Monday 1 November 2010

Safe at School challenges pill-for-13-year-olds pilot scheme

Safe at School has challenged a pilot scheme launched on the Isle of Wight through which pharmacies will supply hormonal birth control pills to teenagers without prescription.

Antonia Tully of Safe at School and a mother of four teenage children, told the media this morning:
"This is a sad and misguided move. It's sad because it is sexualising young teenagers and priming them for premature sex. It's misguided because over the last 10 years more than £200 million of taxpayers' money been spent on initiatives like this in England and Wales and have failed to have any benefit. Many more teenagers now have sexually-transmitted diseases, and registered abortions have continued at the same high level. The number of teenage births have declined slightly, but nowhere near the 50% target. This result suggests that schemes like this encourage illegal under-age sex, and expose more young people to risk."

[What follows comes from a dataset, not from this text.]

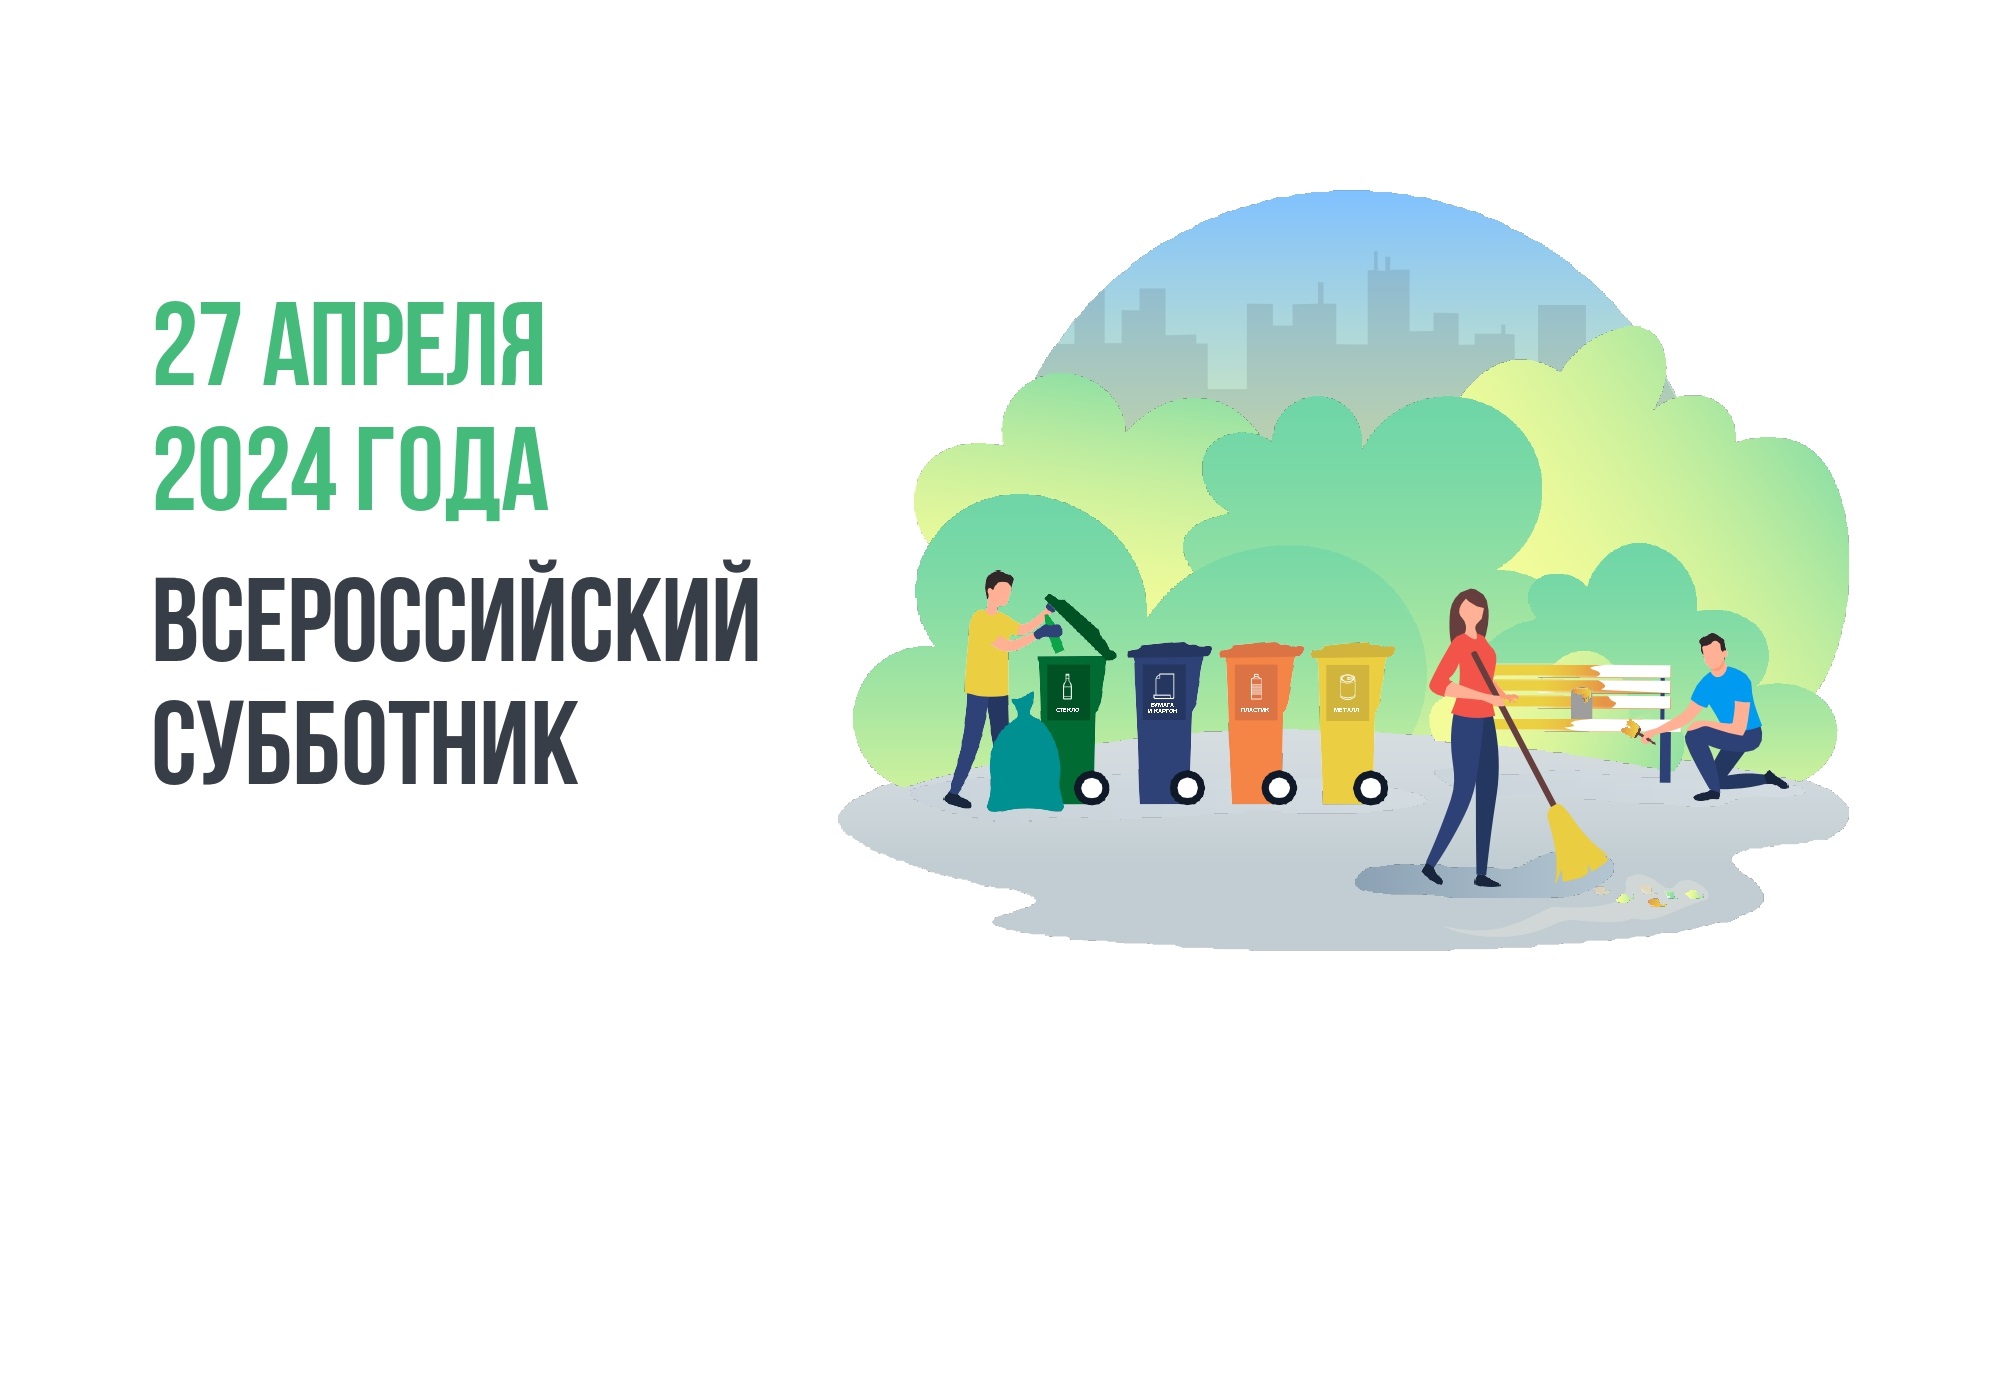 26 апреля в г. Новоалтайске на общественных территориях,  благоустроенных в рамках реализации федерального проекта «Формирование комфортной городской среды» пройдет Всероссийский субботник.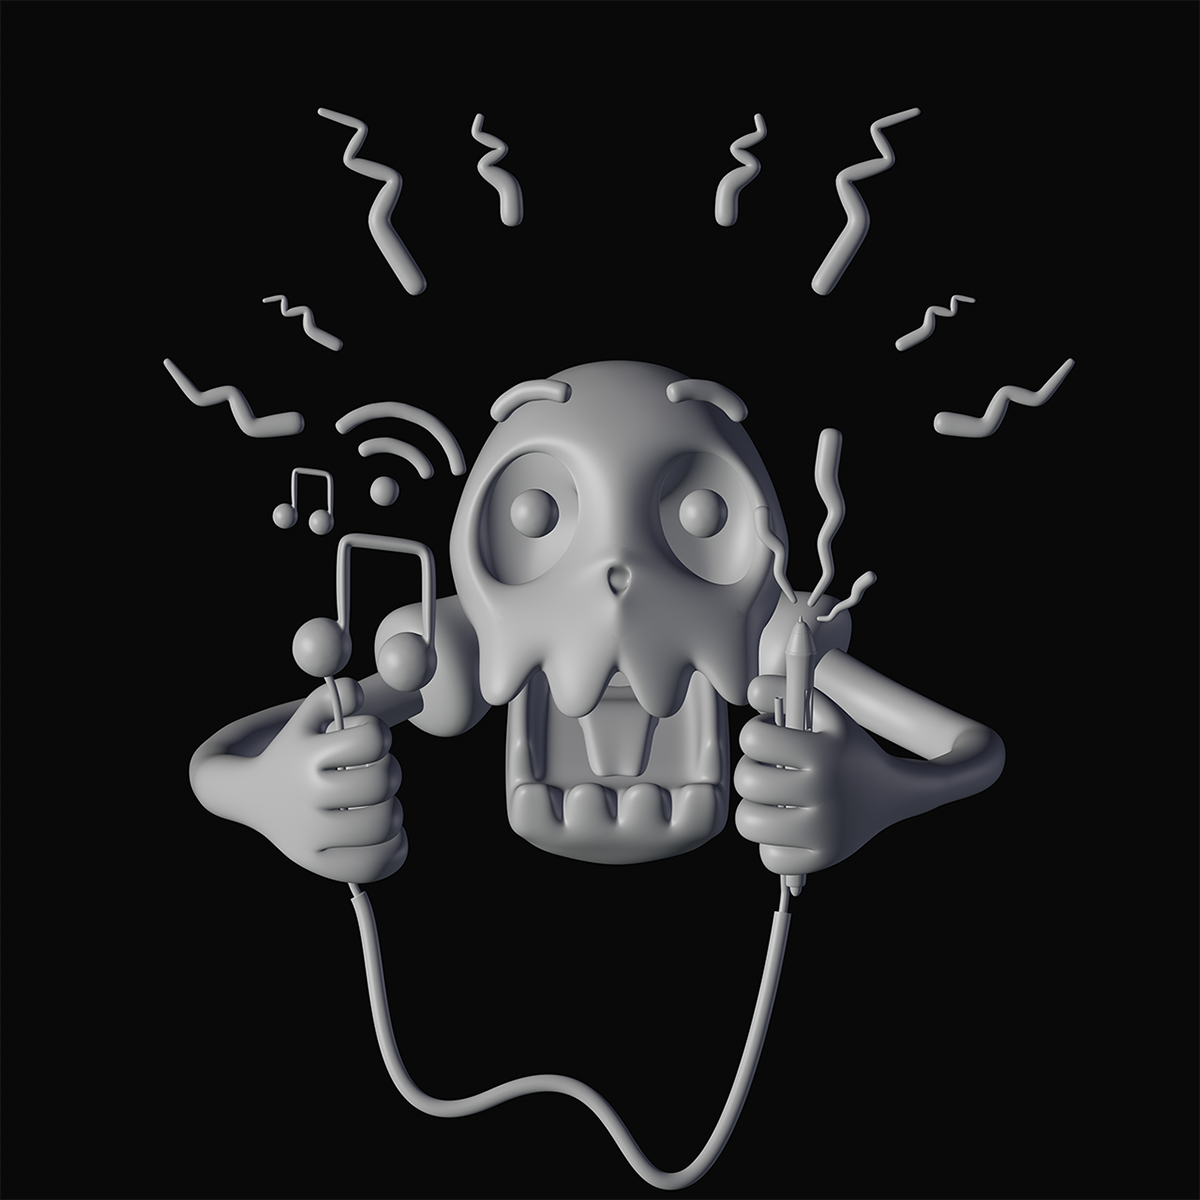 art music wifi skull 3D 3d art Character 3D Character design ILLUSTRATION

"Schemes like this make all teenagers vulnerable to unintended pregnancies and sexually transmitte diseases. Teenagers need parenting, not pills. We need a new approach to the problem of teenage pregnancies, an approach that gets parents involved in this area of their children's lives. This means scrapping schemes which give under-age children contraceptives without their parents knowing anything about it and encourage abuse. I'd like to see programmes which promote self-esteem for teenagers - they deserve better than free contraceptives."